Biopharma company Ariad Pharmaceuticals, Inc. (NASDAQ:ARIA) is one of the undervalued stocks with excellent growth potential and return on investment.
Its product pipeline includes Ponatinib, a pan BCR-ABL inhibitor in phase 2 clinical trial for applications in various hematological cancers and solid tumors; and AP26113, an anaplastic lymphoma kinase (ALK) inhibitor in preclinical studies for the treatment of various cancers, including non-small cell lung cancer, lymphoma, and neuroblastoma.
Ponatinib for chronic myelogenous leukemia (CML), or bone marrow cancer, is the core of Ariad's stock value because of its proprietary worldwide ownership, potential FDA approval in the second half of 2012, and blockbuster revenue opportunity starting soon.
Ponatinib will likely initially grow in refractory utilization, particularly given the efficacy after other CML drugs. Ponatinib could also move into some firstline because of its broader efficacy than competitors Novartis's Gleevec and Tasigna, and Bristol-Myers Squibb's (NYSE:BMY) Sprycel.
RBC Capital Markets estimate Ponatinib is a potential $700-million franchise with a long-term opportunity to grow globally into earlier stages of use, which offers an attractive multi-year upside growth opportunity for Ariad.
But, analysts believe the company's AP26113 should be better than Ponatinib and could drive further stock upside.
"While investors have focused primarily on Ponatinib as Ariad's blockbuster drug (and rightly so), we think they should now start to look beyond the current enthusiasm and realize that AP26113 could be as big as or bigger than Ponatinib over the long run," RBC Capital Markets analyst Michael Yee wrote in a note to clients.
Yee said Ariad shares could move higher based on the potential of AP26113 in ALK+ lung cancer and other rare mutated forms of lung cancer, driving a long-term opportunity of $500 million to $1 billion that is not widely reflected in Street estimates.
Meanwhile, the analyst said the drug should be very active in ALK+ treatment-naïve patients, showing 10 times more potent affinity than Pfizer's Crizotinib (brand name Xalkori) and thus could compete in the first line against Pfizer (NYSE:PFE).
At roughly $100,000 annually and 25 percent to 50 percent penetration in the long term, AP26113 could become a $500 million+ drug in the US and Europe alone just in ALK+ patients, or $350 million in the US and $200 million+ in the EU, the analyst said.
The company estimates roughly 40,000 ALK+ patients worldwide. The AP26113 could be at least a $1 billion to $2 billion drug worldwide if it was commercialized in all major developed and developing countries.

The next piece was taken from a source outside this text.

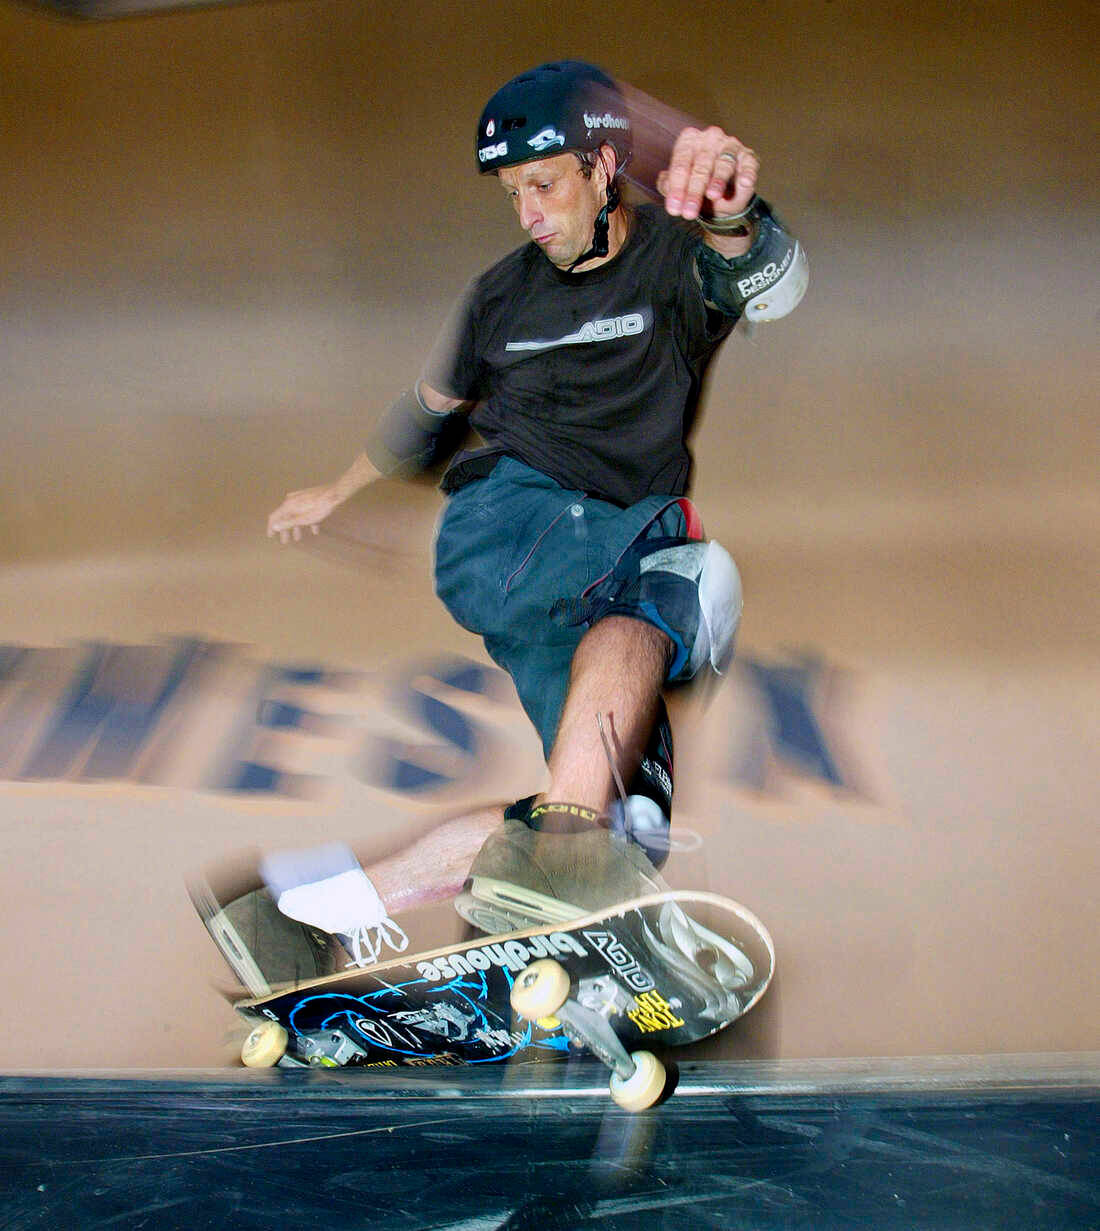 360 Spin Skateboarding Wallpaper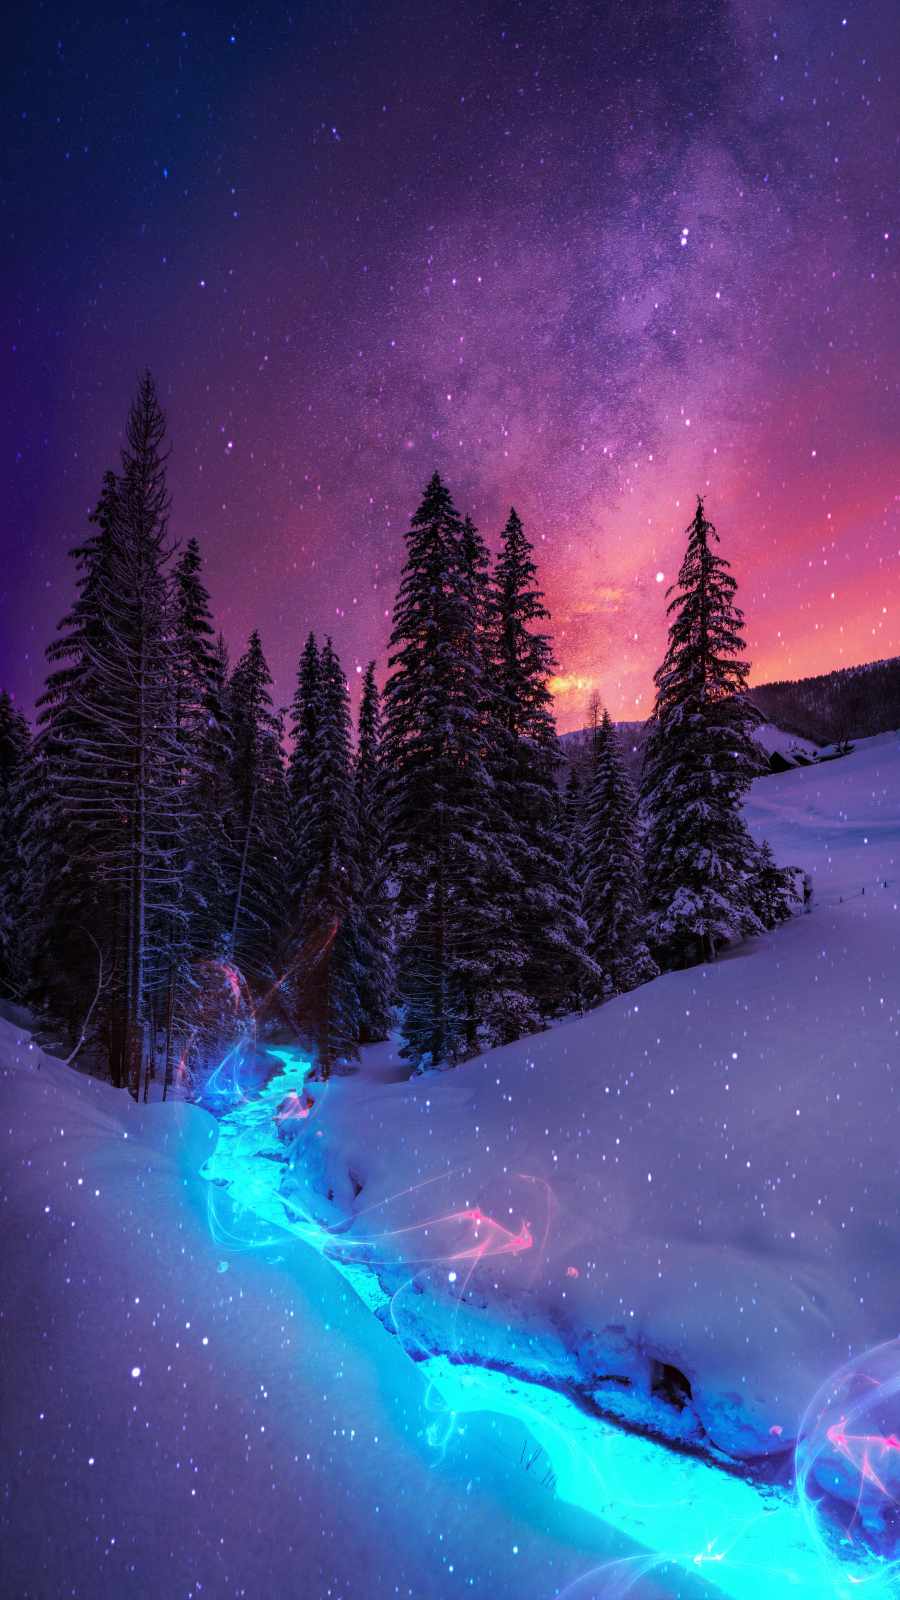 Magical Winter Forest IPhone Wallpaper Wallpaper, iPhone Wallpaper

Yee noted that consensus estimates for Pfizer's Crizotinib are up to $800 million in peak sales based on various market assumptions, which implies that AP26113 could become a blockbuster if it is used where Crizotinib is used, but also in patients who fail Crizotinib, which is an open market opportunity given no other primary competitor in ALK+ development.
AP26113 could be in a pivotal Phase II registration study as early as 2013.
"We believe Phase II data will show solid efficacy in ALK+ naïve and ALK+ Crizotinib refractory patients, as well as in EGFR+ mutant patients. Clear efficacy in different patient groups would lead investors to believe AP26113 is as good as or potentially better than Pfizer's blockbuster ALK+ drug, which the Street has modeled up to peak sales of $1 billion," said Yee, who initiated coverage on the stock with an "outperform" rating.
Ariad is expected to announce its fourth-quarter and full-year results on Feb.28. Analysts expect a loss of 17 cents a share on revenue of $1.02 million for the fourth quarter and a loss of 70 cents a share on revenue of $26.18 million for the full year, according to Thomson Reuters.
Shares of Ariad have surged 139 percent in the last one year and is currently trading at $15, down 25 cents or 1.62 percent on Nasdaq. Analyst Yee has a price target of $20.